Michael Kochetkov wrote:
inline bool comp(const boost::uuids::uuid& l, const boost::uuids::uuid& r) { return *reinterpret_cast<const uint32_t*>(l.data) ==
... I could've sworn that memcmp is smart enough on MSVC to do these unrolled DWORD compares for small sizes, but it isn't.

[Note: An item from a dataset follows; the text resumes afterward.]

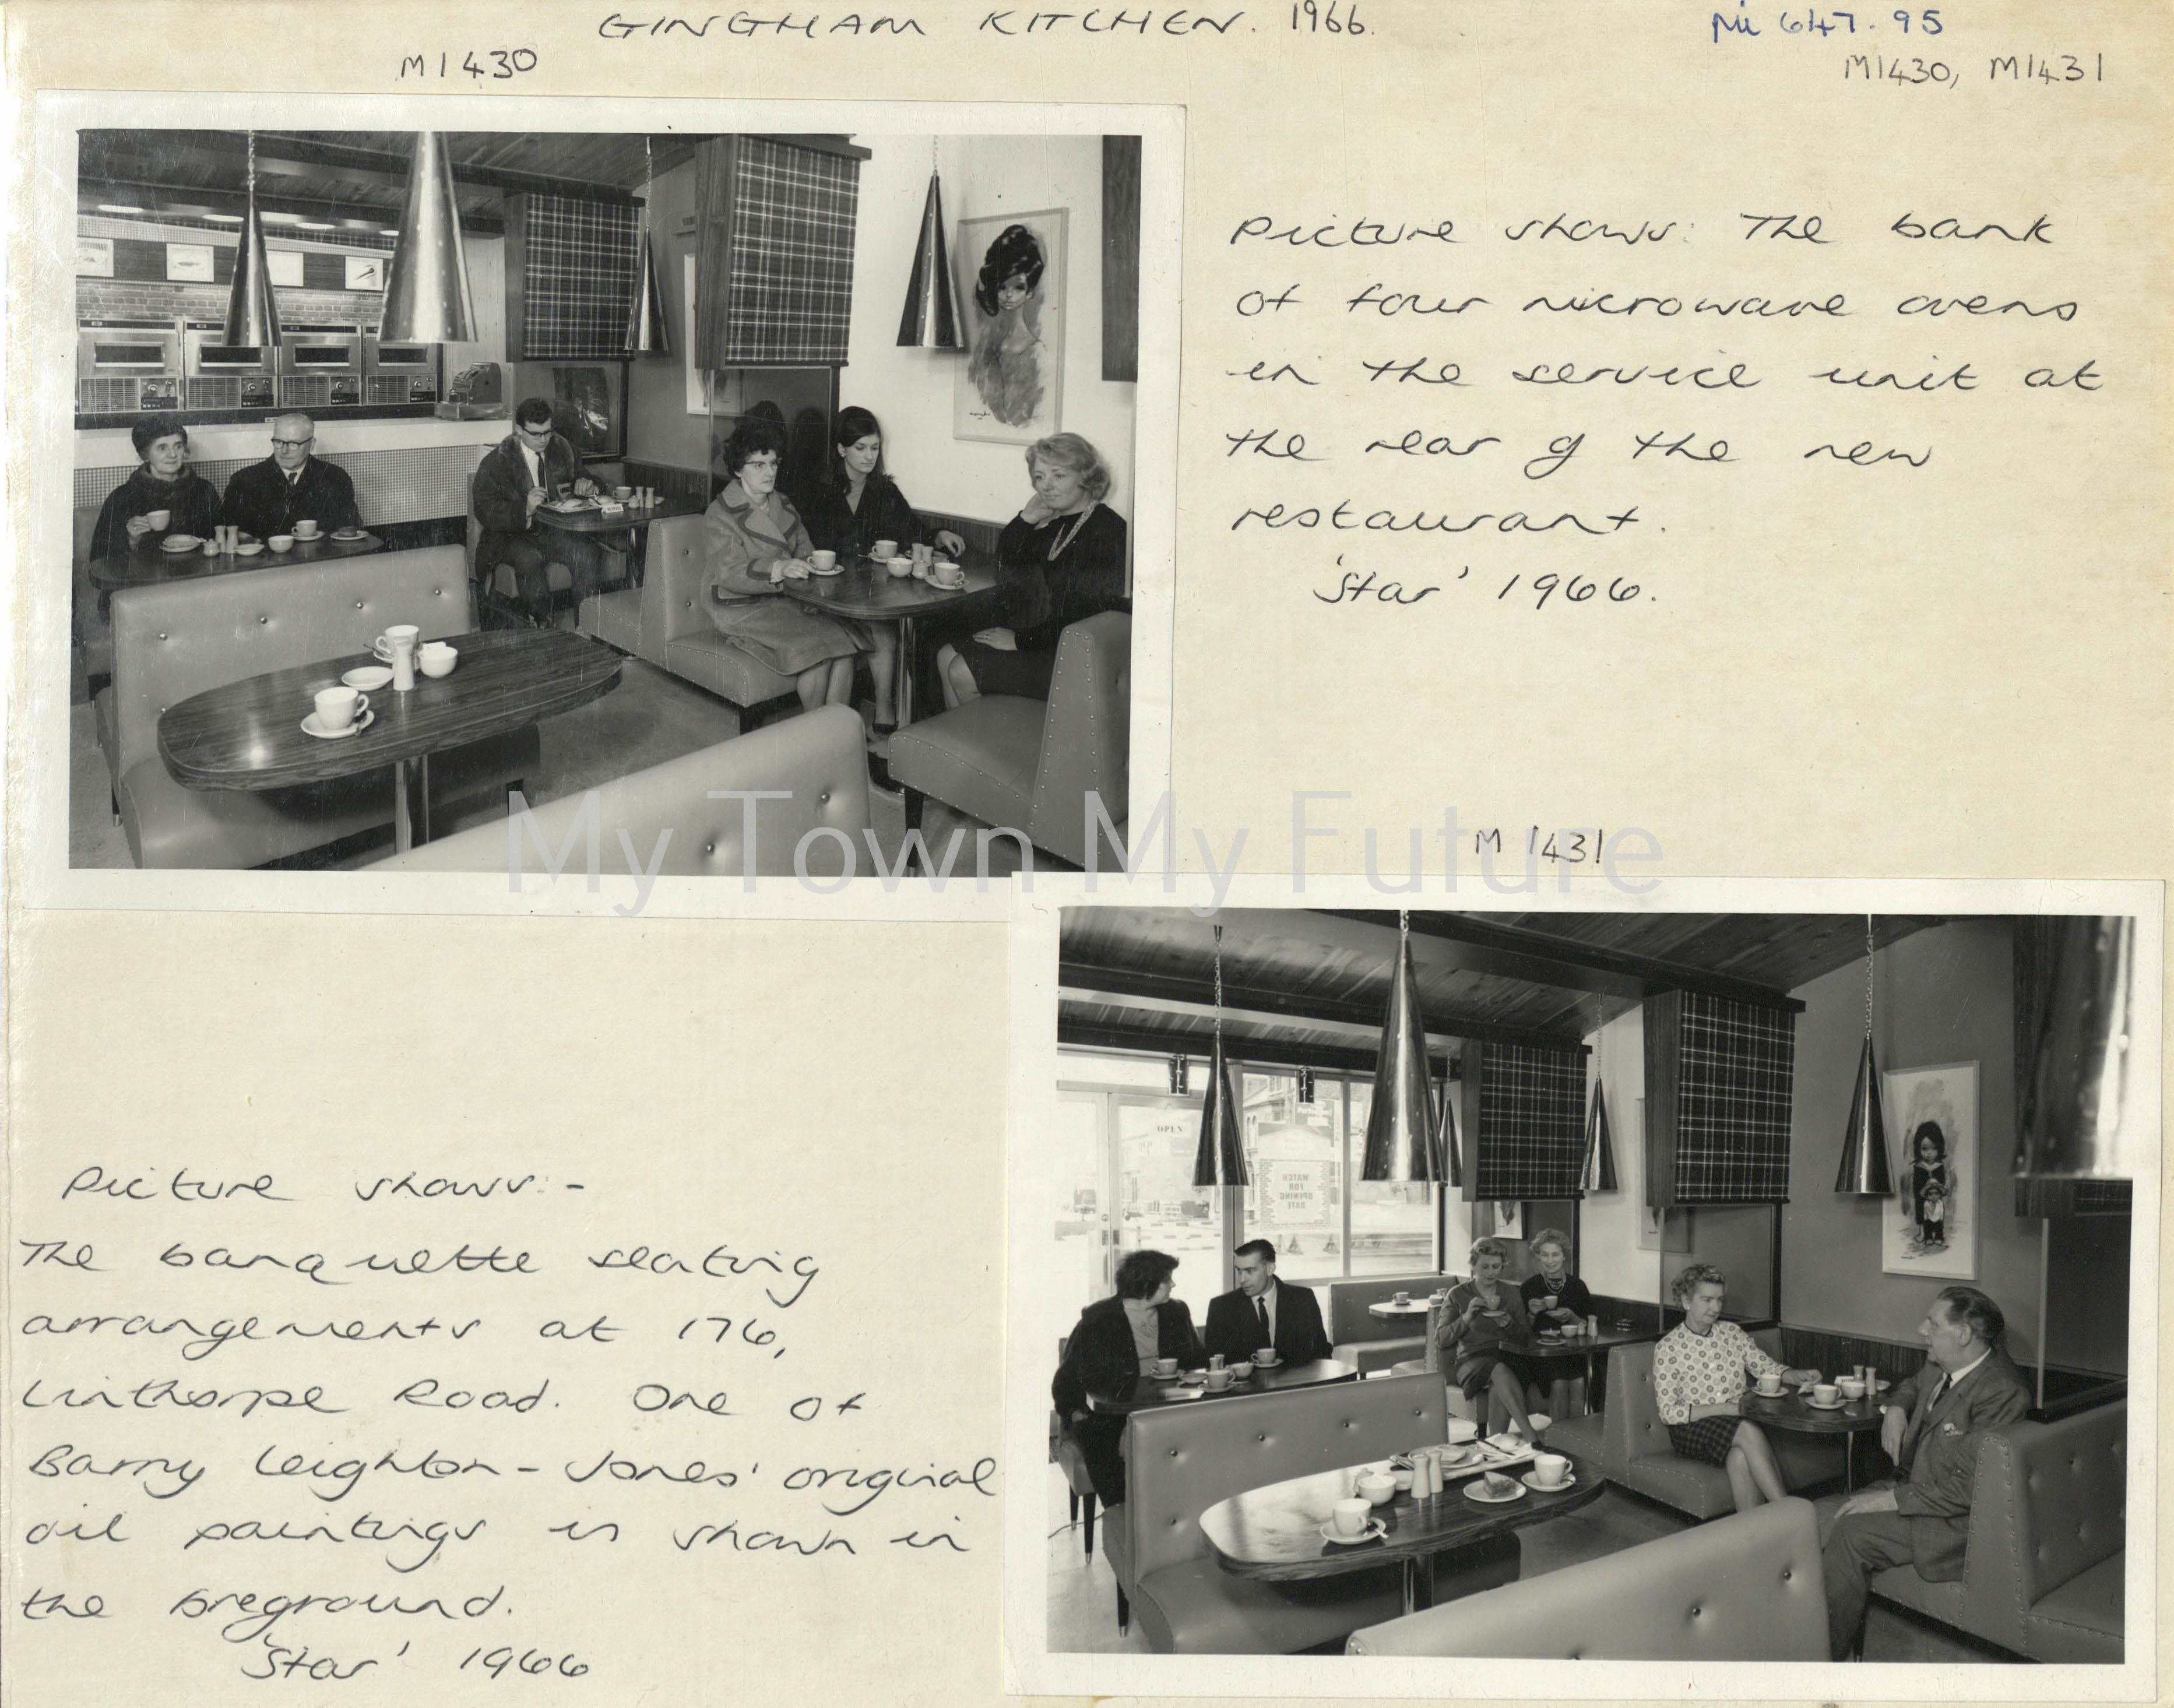 Middlesbrough Gingham Kitchen, 1966

I wonder why I got that impression.

On 16/04/12 01:10, Michael Kochetkov wrote:
boost uses the following comparison operator: inline bool operator==(uuid const& lhs, uuid const& rhs) /* throw() */ { return std::equal(lhs.begin(), lhs.end(), rhs.begin()); }
which end up with the following code: lea edx, DWORD PTR _id2$[esp+92] lea ecx, DWORD PTR _id1$[esp+108] lea eax, DWORD PTR _id1$[esp+92] call ?_Equal@std@@YA_NPBE00@Z ; std::_Equal
A good implementation of std::equal would call memcmp here, which would already be optimized. That doesn't seem to be the case. Can you try replacing this by memcmp(lhs.begin(), rhs.begin(), lhs.size()) ?
inline bool comp(const boost::uuids::uuid& l, const boost::uuids::uuid& r) { return *reinterpret_cast<const uint32_t*>(l.data) == *reinterpret_cast<const uint32_t*>(r.data) && *reinterpret_cast<const uint32_t*>(l.data+4) == *reinterpret_cast<const uint32_t*>(r.data+4) && *reinterpret_cast<const uint32_t*>(l.data+8) == *reinterpret_cast<const uint32_t*>(r.data+8) && *reinterpret_cast<const uint32_t*>(l.data+12) == *reinterpret_cast<const uint32_t*>(r.data+12); }
This code is specific to 32-bit architectures and also breaks the strict-aliasing rule.

Mathias Gaunard wrote:
On 16/04/12 01:10, Michael Kochetkov wrote:
boost uses the following comparison operator: inline bool operator==(uuid const& lhs, uuid const& rhs) /* throw() */ { return std::equal(lhs.begin(), lhs.end(), rhs.begin()); }
which end up with the following code: lea edx, DWORD PTR _id2$[esp+92] lea ecx, DWORD PTR _id1$[esp+108] lea eax, DWORD PTR _id1$[esp+92] call ?_Equal@std@@YA_NPBE00@Z ; std::_Equal
A good implementation of std::equal would call memcmp here, ...
It does.

On 04/16/2012 01:58 PM, Peter Dimov wrote:
Mathias Gaunard wrote:
On 16/04/12 01:10, Michael Kochetkov wrote:
boost uses the following comparison operator: inline bool operator==(uuid const& lhs, uuid const& rhs) /* throw() */ { return std::equal(lhs.begin(), lhs.end(), rhs.begin()); }
which end up with the following code: lea edx, DWORD PTR _id2$[esp+92] lea ecx, DWORD PTR _id1$[esp+108] lea eax, DWORD PTR _id1$[esp+92] call ?_Equal@std@@YA_NPBE00@Z ; std::_Equal
A good implementation of std::equal would call memcmp here, ...
It does.
The code above calls the std::_Equal symbol, not memcmp. The code given for std::_Equal also does not contain a jump to any other function.

Mathias Gaunard wrote:
The code above calls the std::_Equal symbol, not memcmp. The code given for std::_Equal also does not contain a jump to any other function.
memcmp is inlined into _Equal. Replacing std::equal with memcmp yields the same assembly code, this time inlined directly at the point where == is invoked.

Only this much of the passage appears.